• _Required work_:
Using the data that follows, return exactly the lines from the one that contains "the reverse 1933" through the one that contains "Tabs for Harmonica", ends included.

• _Information_:
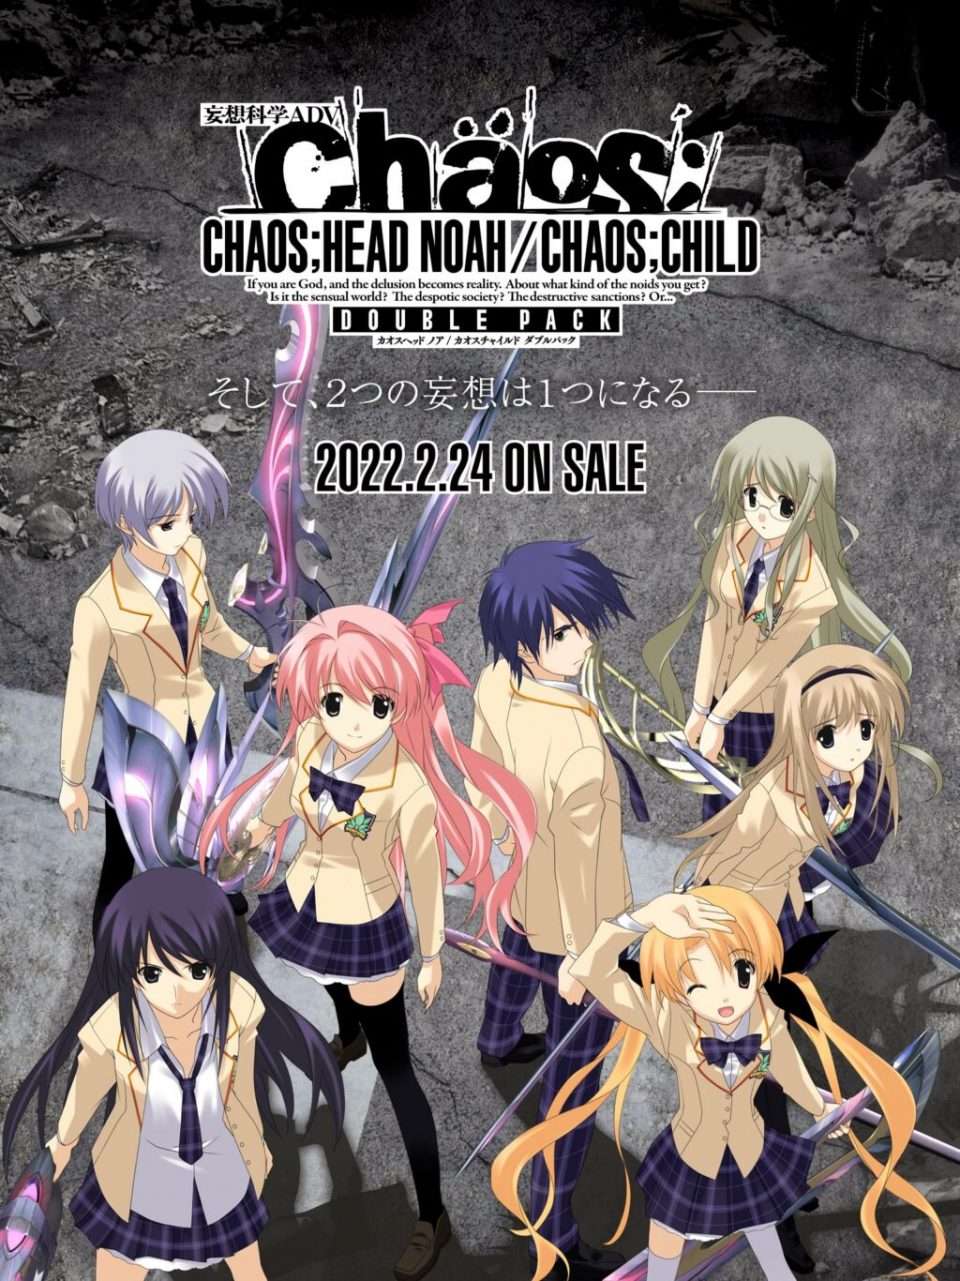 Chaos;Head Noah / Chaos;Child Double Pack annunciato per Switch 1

* * *

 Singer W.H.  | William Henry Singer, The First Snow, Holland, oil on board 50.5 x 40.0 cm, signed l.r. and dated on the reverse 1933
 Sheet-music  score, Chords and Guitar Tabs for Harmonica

---

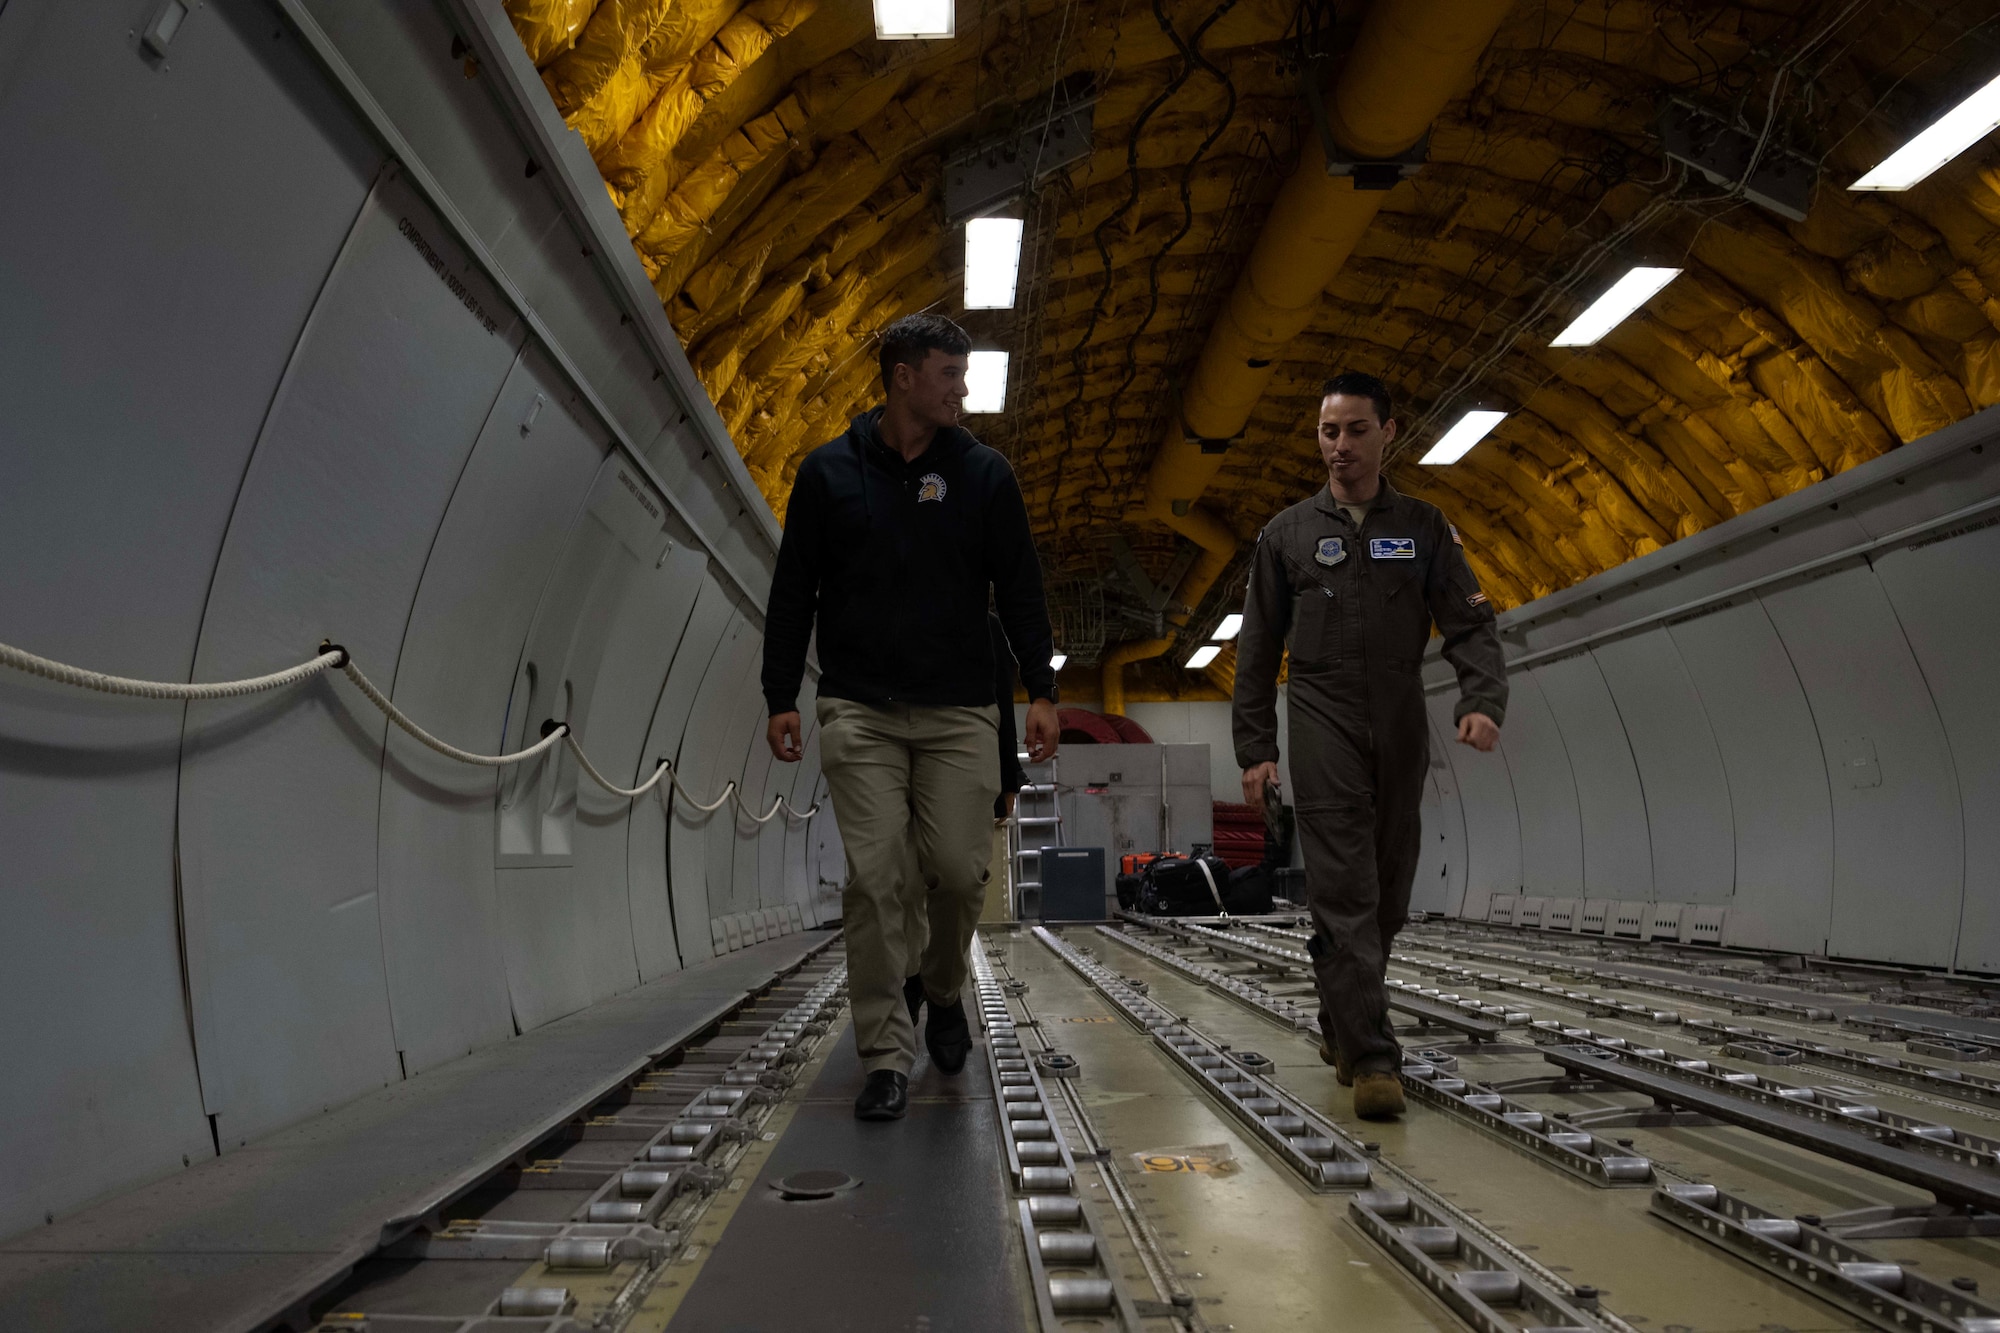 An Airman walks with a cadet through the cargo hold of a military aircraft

• _Result of the exercise_:
 Singer W.H.  | William Henry Singer, The First Snow, Holland, oil on board 50.5 x 40.0 cm, signed l.r. and dated on the reverse 1933
 Sheet-music  score, Chords and Guitar Tabs for Harmonica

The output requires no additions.